REQUIRED WORK: Wherever a line below holds the word "Photo", copy that line.

(Beginning of RECORDS TO PROCESS)

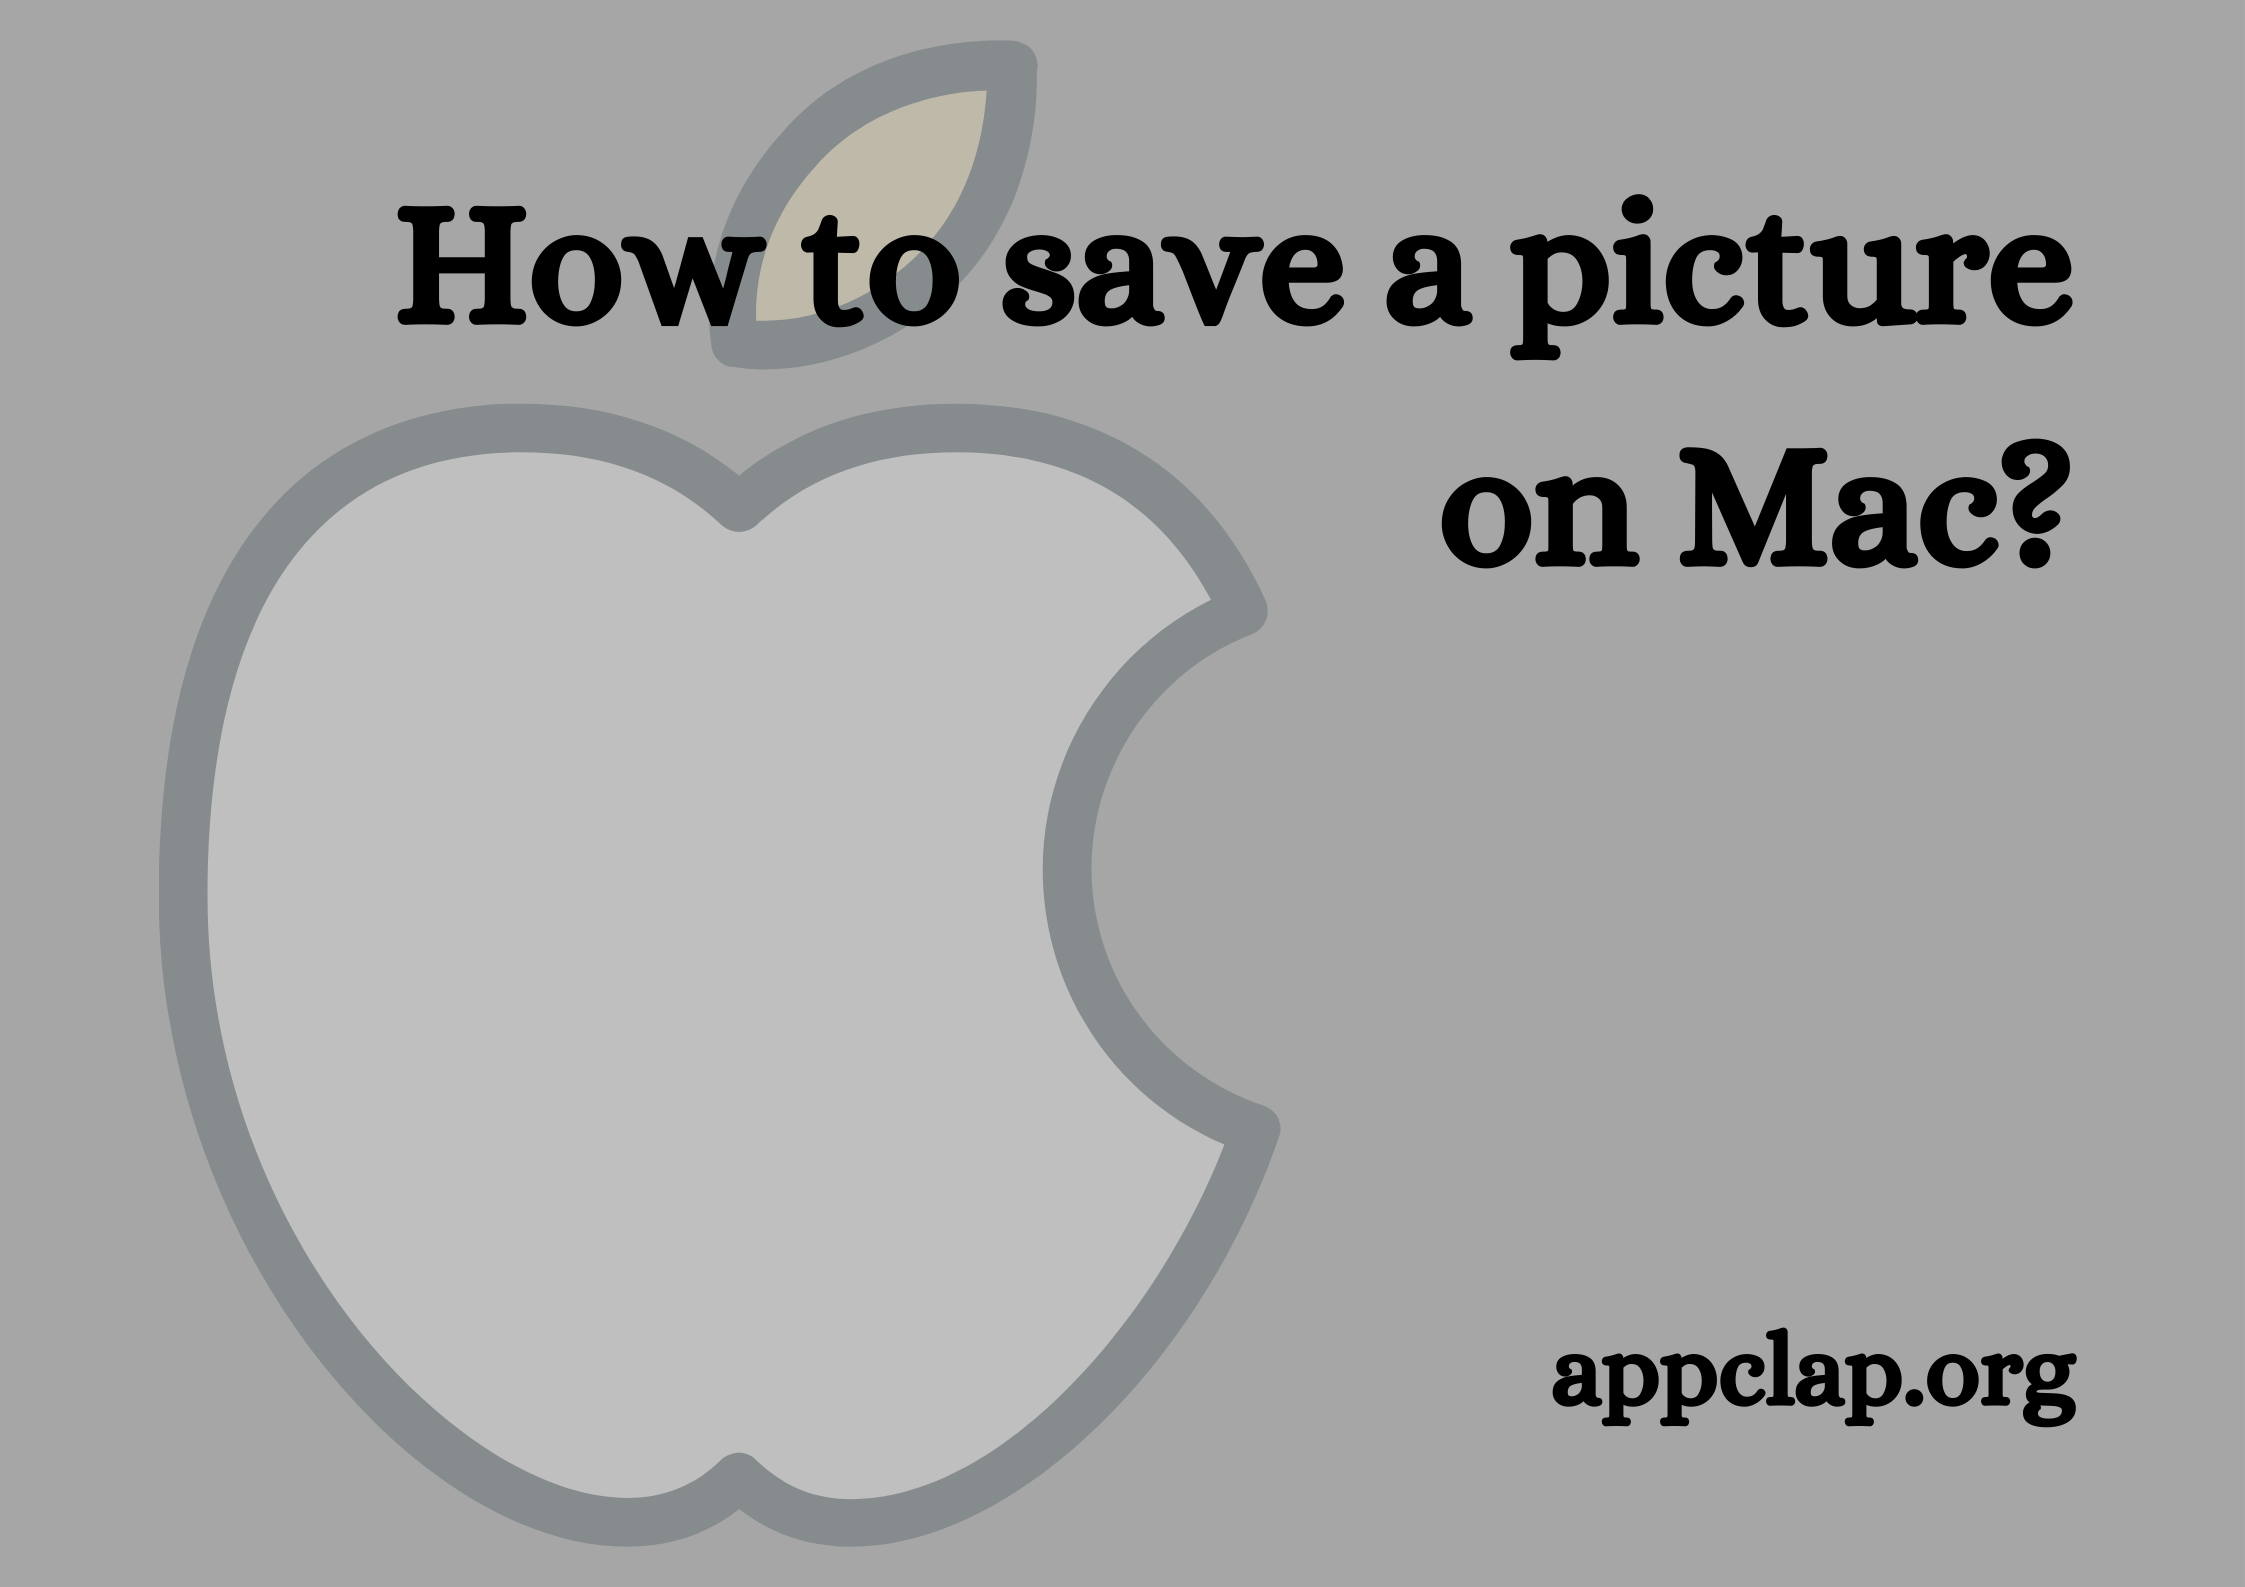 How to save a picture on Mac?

(End of RECORDS TO PROCESS)
(Beginning of RECORDS TO PROCESS)

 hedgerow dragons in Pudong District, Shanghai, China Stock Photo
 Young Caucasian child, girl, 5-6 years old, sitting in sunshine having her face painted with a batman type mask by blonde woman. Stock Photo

(End of RECORDS TO PROCESS)

WRITTEN SOLUTION:
 hedgerow dragons in Pudong District, Shanghai, China Stock Photo
 Young Caucasian child, girl, 5-6 years old, sitting in sunshine having her face painted with a batman type mask by blonde woman. Stock Photo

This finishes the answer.